Еще неделю он нежился, опекаемый заботливой хозяйкой, поглощал в обилии ее бульоны, тающие во рту фрикадели, слоеные пирожки величиной с пятикопеечную монету, обсасывал нежные цыплячьи ножки и запивал все горячим шоколадом с яблочными тарталетками; но тут, к испугу хозяйки, появился в комнатке больного краснолицый старик, веселый и шумный, — некто барон Хорнстейн: взбудораженный рассказами архитектора фон Кленце о прибывших в Мюнхен молодых российских талантах, он жаждал оказать оным талантам всяческое гостеприимство. Барон подхватил братьев под руки, пошел кружить в частных домах, в обществах и клубах, доставил им знакомства едва по со всем городом, свел с вельможами, художниками, учеными, гуляками. Карл написал его портрет, барон был в восторге, подарил ему подзорную трубу, повез ко двору — представлять королевской фамилии, министрам и так шумно превозносил юного русского живописца, что иные министры просили Карла оказать им честь — исполнить портреты их собственные, а также их жен и дочерей. Полагали, что Карлу будет поручено написать портреты всей королевской фамилии, но фамилия некстати отправилась с визитом в Саксонию, пришлось заказ отложить. Карл писал портреты, прыгал по балам, бежал из гостей в гости, засиживался в мастерских художников, дни шелестели, как листки в календаре, Александр просил его уняться, но он отвечал, что беспокоиться за него теперь нечего, он свое отболел, был на небе и воскрес и как бы живет сначала. Имя его было у всех на устах, город любил его, он отдаривал его работой, — это была слава.

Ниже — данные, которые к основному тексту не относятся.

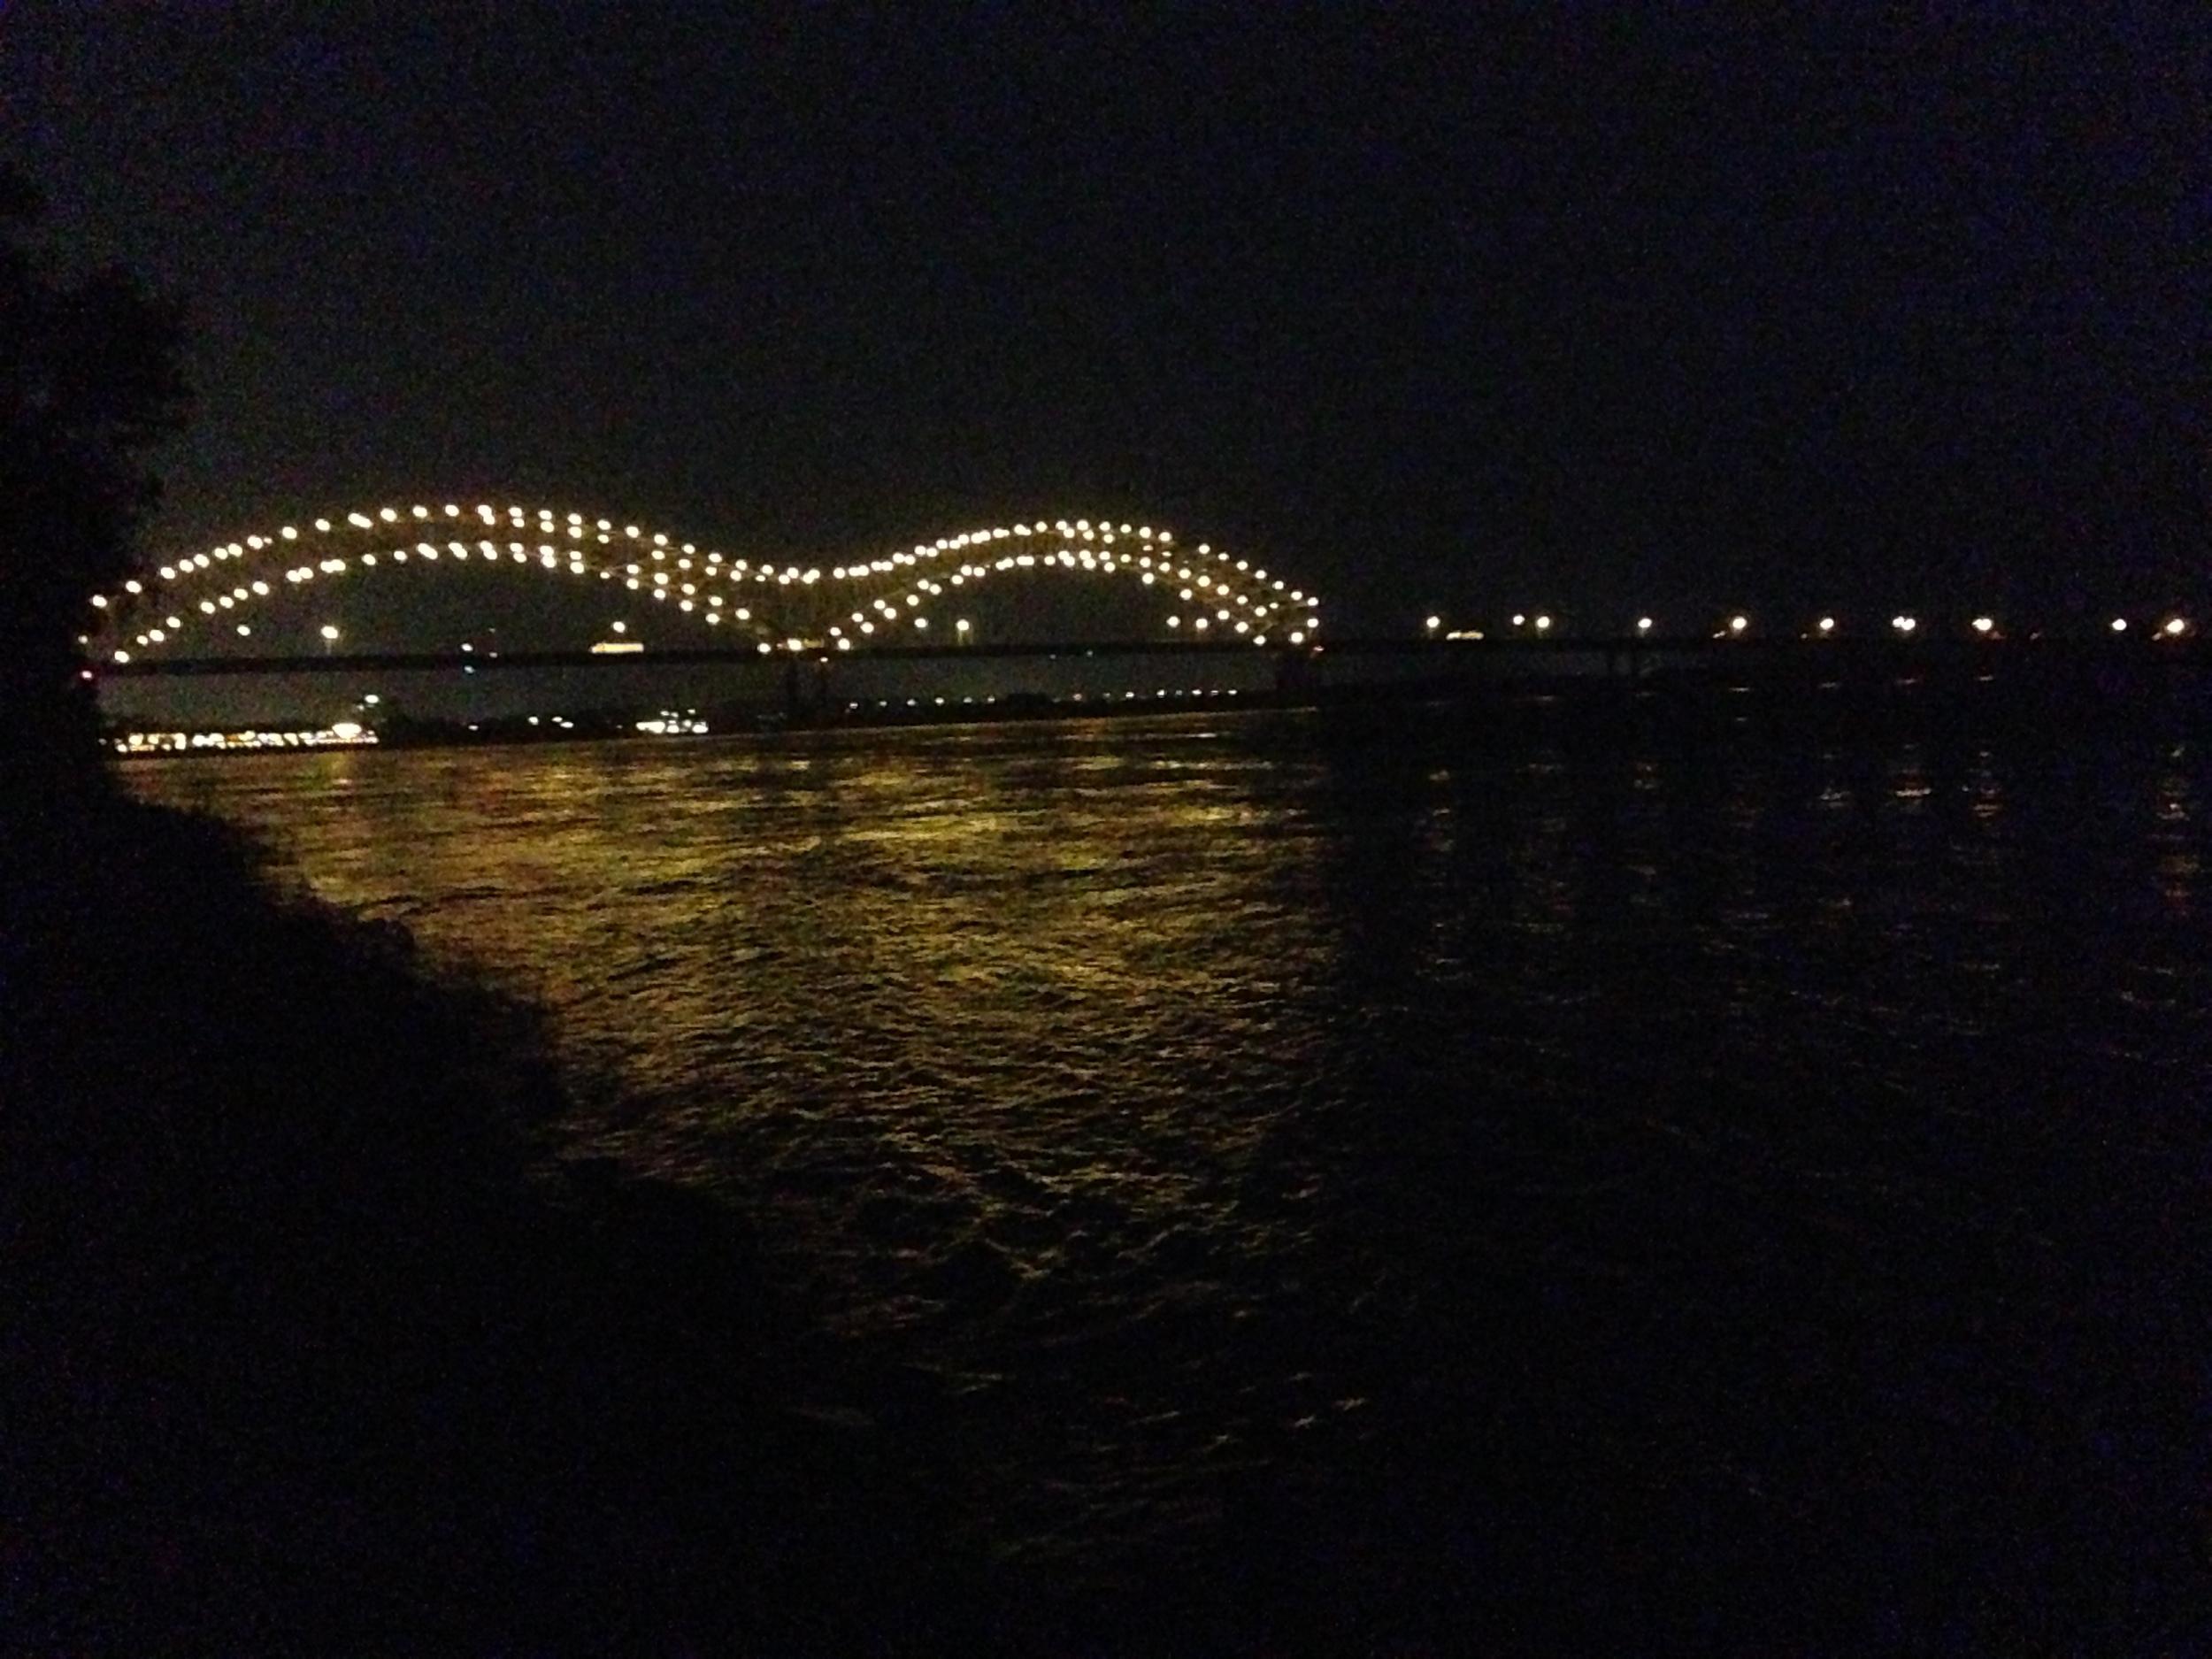 Mississippi River at night.

После какого-то спектакля Лео Кленце повел братьев осматривать здание театра, гордился удачной планировкой помещений, совершенными механизмами сцены, показал техническое чудо — резервуар с водой, из которого в случае пожара специальная машина должна была качать воду в трубы. Александр внимательно слушал, потом, поразмыслив, возразил: начнись пожар, тяга в здании повернет пламя так, что к машине не подобраться. Надо же случиться: через неделю театр загорелся, пламя отделило машину от пожарных, и чуда не произошло. Лео разнес по городу предсказание Александра, и все заговорили о его уме, способностях, дальновидности, — и это была, конечно, тоже слава.

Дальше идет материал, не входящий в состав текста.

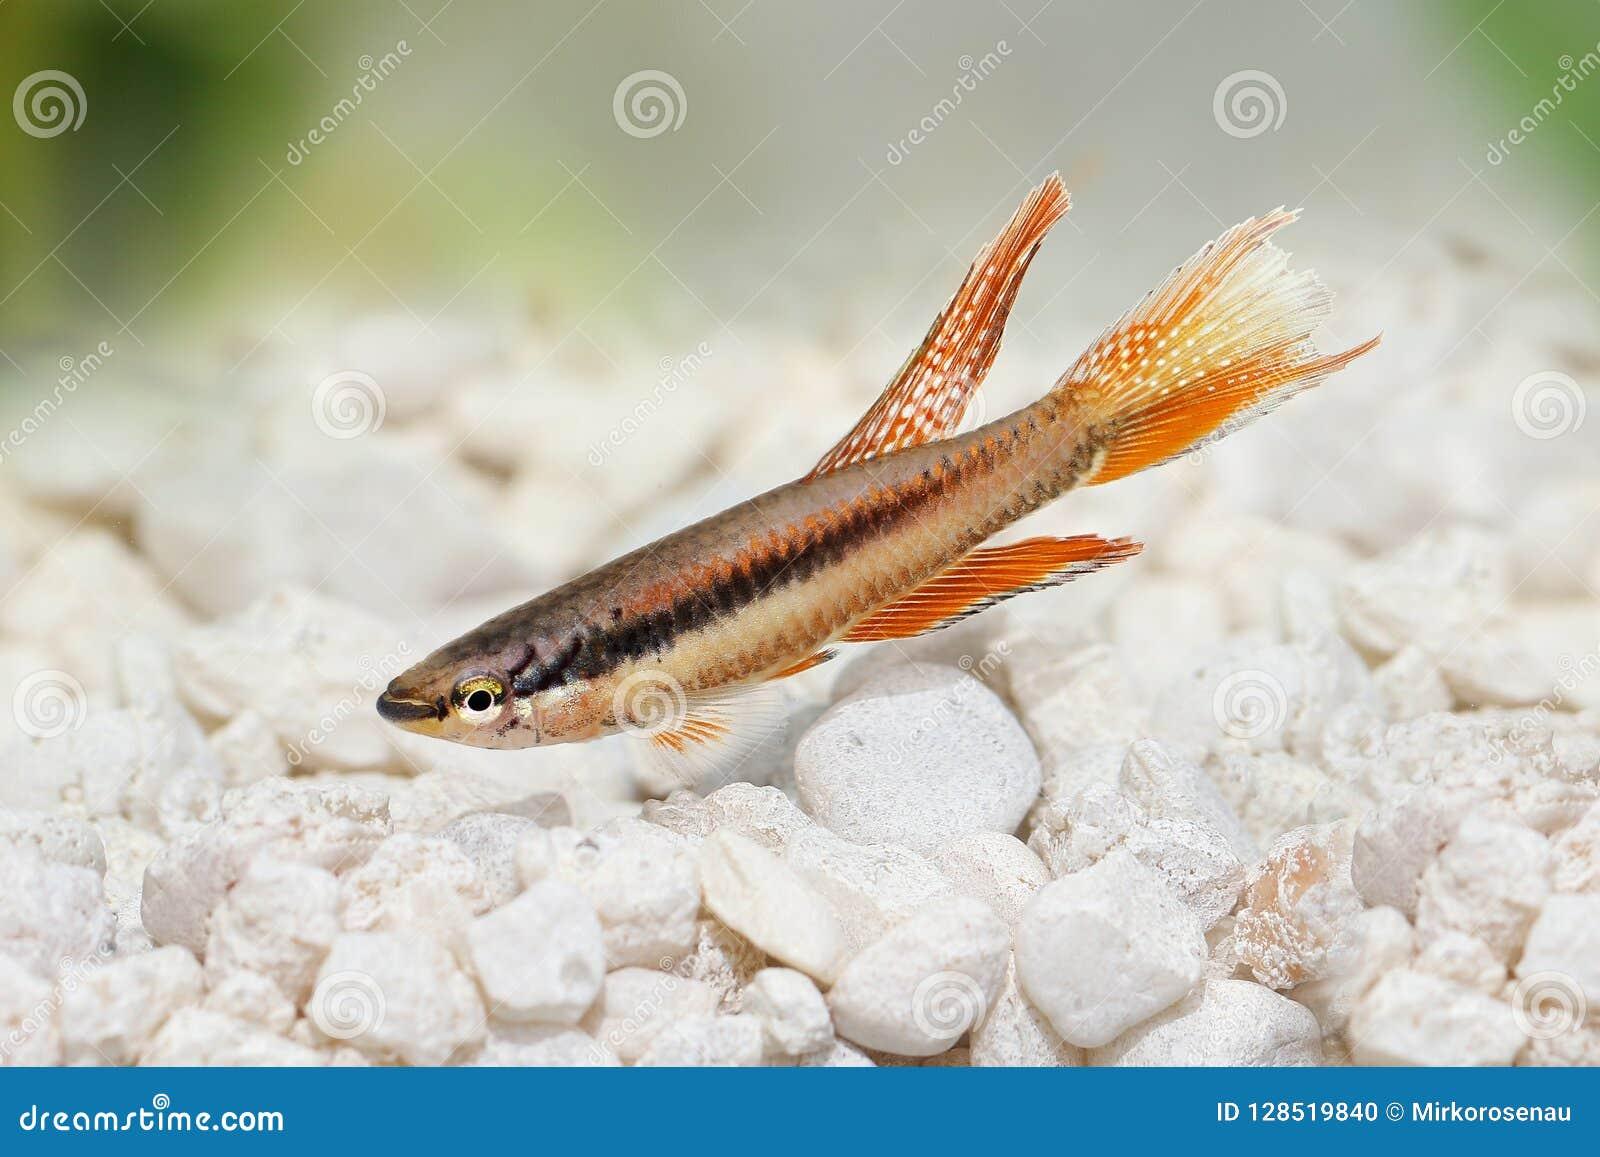 拉各斯红色锵鱼水族馆鱼Killi Aphyosemion bitaeniatum

Письмо от братьев Брюлловых было подано Петру Андреевичу Кикину с утренней почтой. Он прочитал его тотчас, отложив остальные, и чем далее читал, тем сильнее мрачнел. Хотел отвечать сразу, но, зная свою сугубую резкость, решил повременить. День потянулся в обычных занятиях: Петр Андреевич разбирал прошения, диктовал ответы, принял губернатора и директора департамента, дважды был зван к государю, государь был милостив и решил дела как он, Кикин, того бы хотел, но раздражение не проходило, дерзкие строки Карла царапались в памяти, и как ни утешал себя Петр Андреевич, однако уже понимал, что ответ братьям выйдет резок.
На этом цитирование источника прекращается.